There was good camping here, the very spot indeed where, fifteen years before, Butler had camped on his Loneland Journey; but now the blizzard had ceased, so Yan spent the day hunting without seeing a track, and he spent the night as before, wishing that nature had been kinder to him in the matter of fur. During that first lone night his face and toes had been frozen and now bore burning sores. But still he kept on the chase, for a something within had told him that the Grail was surely near. Next day a strange, unreasoning guess sent him east across the creek in a deerless-looking barren land. Within half a mile he came on dim tracks made lately in the storm. He followed, and soon found where six deer had lain at rest, and among them a great, broad bed and a giant track that only one could have made. The track was almost fresh, the sign unfrozen still. "Within a mile," he thought. But within a hundred yards there loomed up on a fog-wrapped hillside five heads with ears regardant, and at that moment, too, there rose up from the snowy top a great form like a blasted trunk with two dead boughs still on. But they had seen him first, and before the deadly gun could play, six beacons waved and a friendly hill had screened them from its power.

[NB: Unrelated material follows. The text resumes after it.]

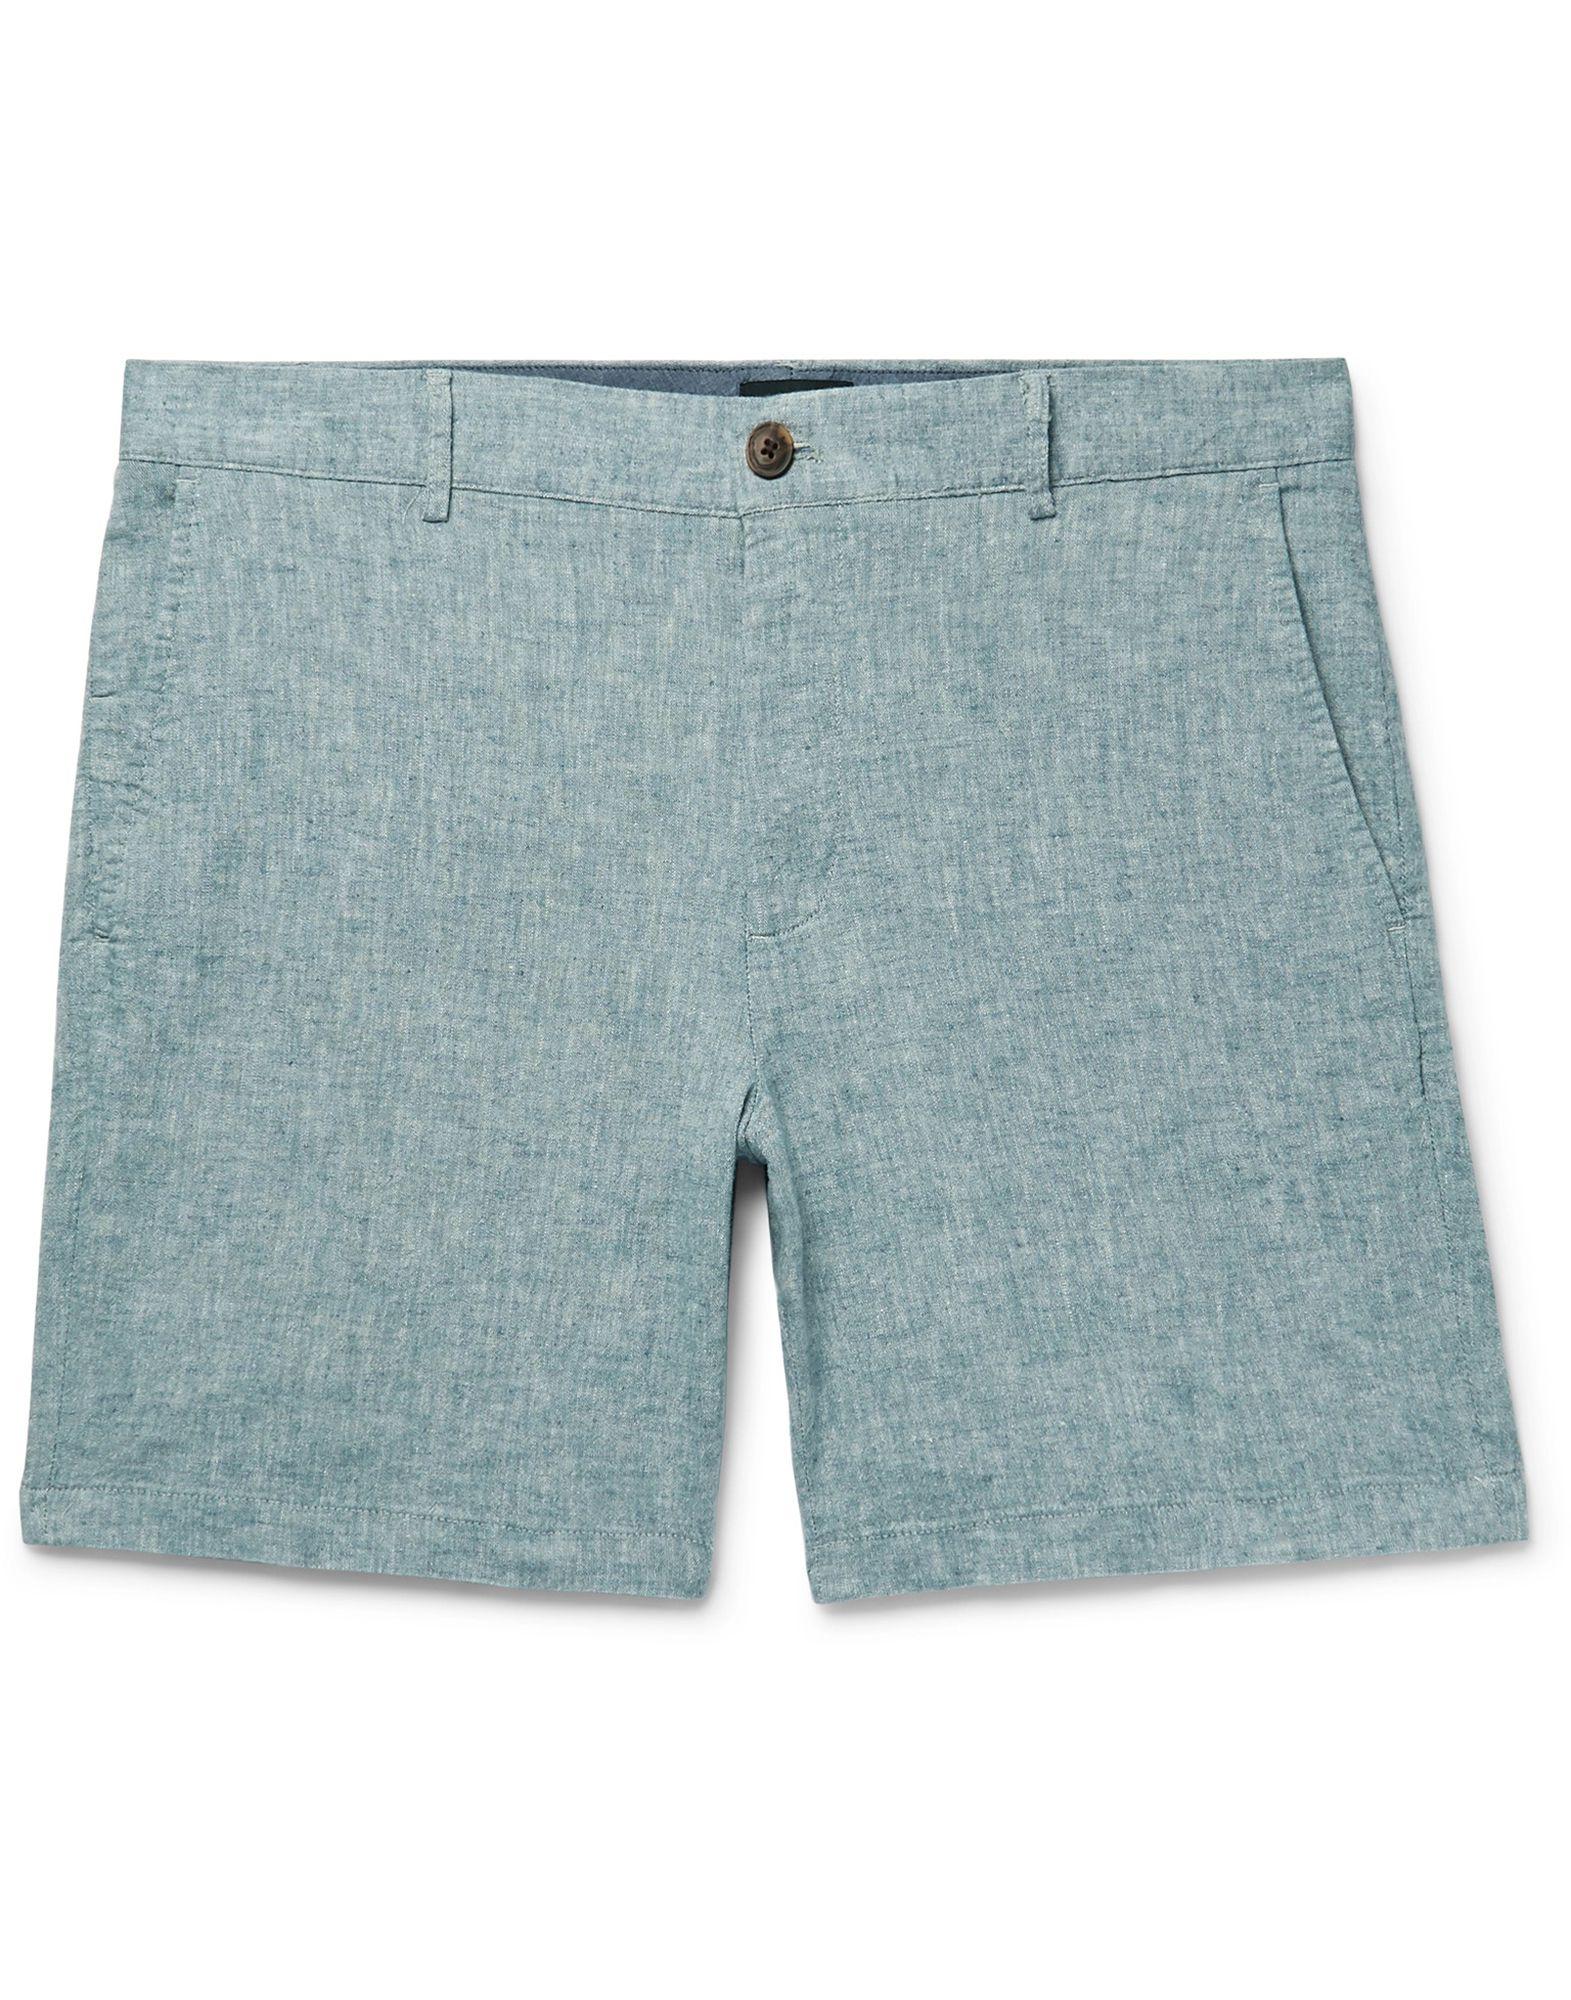 CLUB MONACO Bermudas. plain weave, two-tone, no appliqués, high waisted, button, zip, multipockets, stretch. 54% Linen, 44% Cotton, 2% Elastane

The Sandhill Stag had gathered his brood again, yet now that the murderer was on the track once more, he scattered them as before. But there was only one track for Yan.

At last the chase led away to the great dip of Pine Creek. A mile-wide flat, with a long dense thicket down the middle.

"There is where he is hiding and watching now, but there he will not rest," said something within, and Yan kept out of sight and watched; after half an hour a dark spot left the willow belt and wandered up the farther hill. When he was well out of sight over the hill Yan ran across the valley and stalked around to get the trail on the down-wind side. He found it, and there learned that the Stag was as wise as he—he had climbed a good lookout and watched his back trail, then seeing Yan crossing the flat, his track went swiftly bounding, bounding——

The Stag knew just how things stood; a single match to a finish now, and he led away for a new region. But Yan was learning something he had often heard, that the swiftest deer can be run down by a hardy man; for he was as fresh as ever, but the great Stag's bounds were shortening, he was surely tiring out, he must throw off the hunter now, or he is lost.

He often mounted a high hill to scan the white world for his foe, and the after-trail was a record of what he learned or feared. At last his trail came to a sudden end. This was a mystery until long study showed how he had returned backward on his own track for a hundred yards then bounded aside to fly in another direction. Three times he did this and then passed through an aspen thicket and, returning, lay down in this thicket near his own track so that in following, Yan must pass where the Stag could smell and hear him long before the trail brought the hunter over close.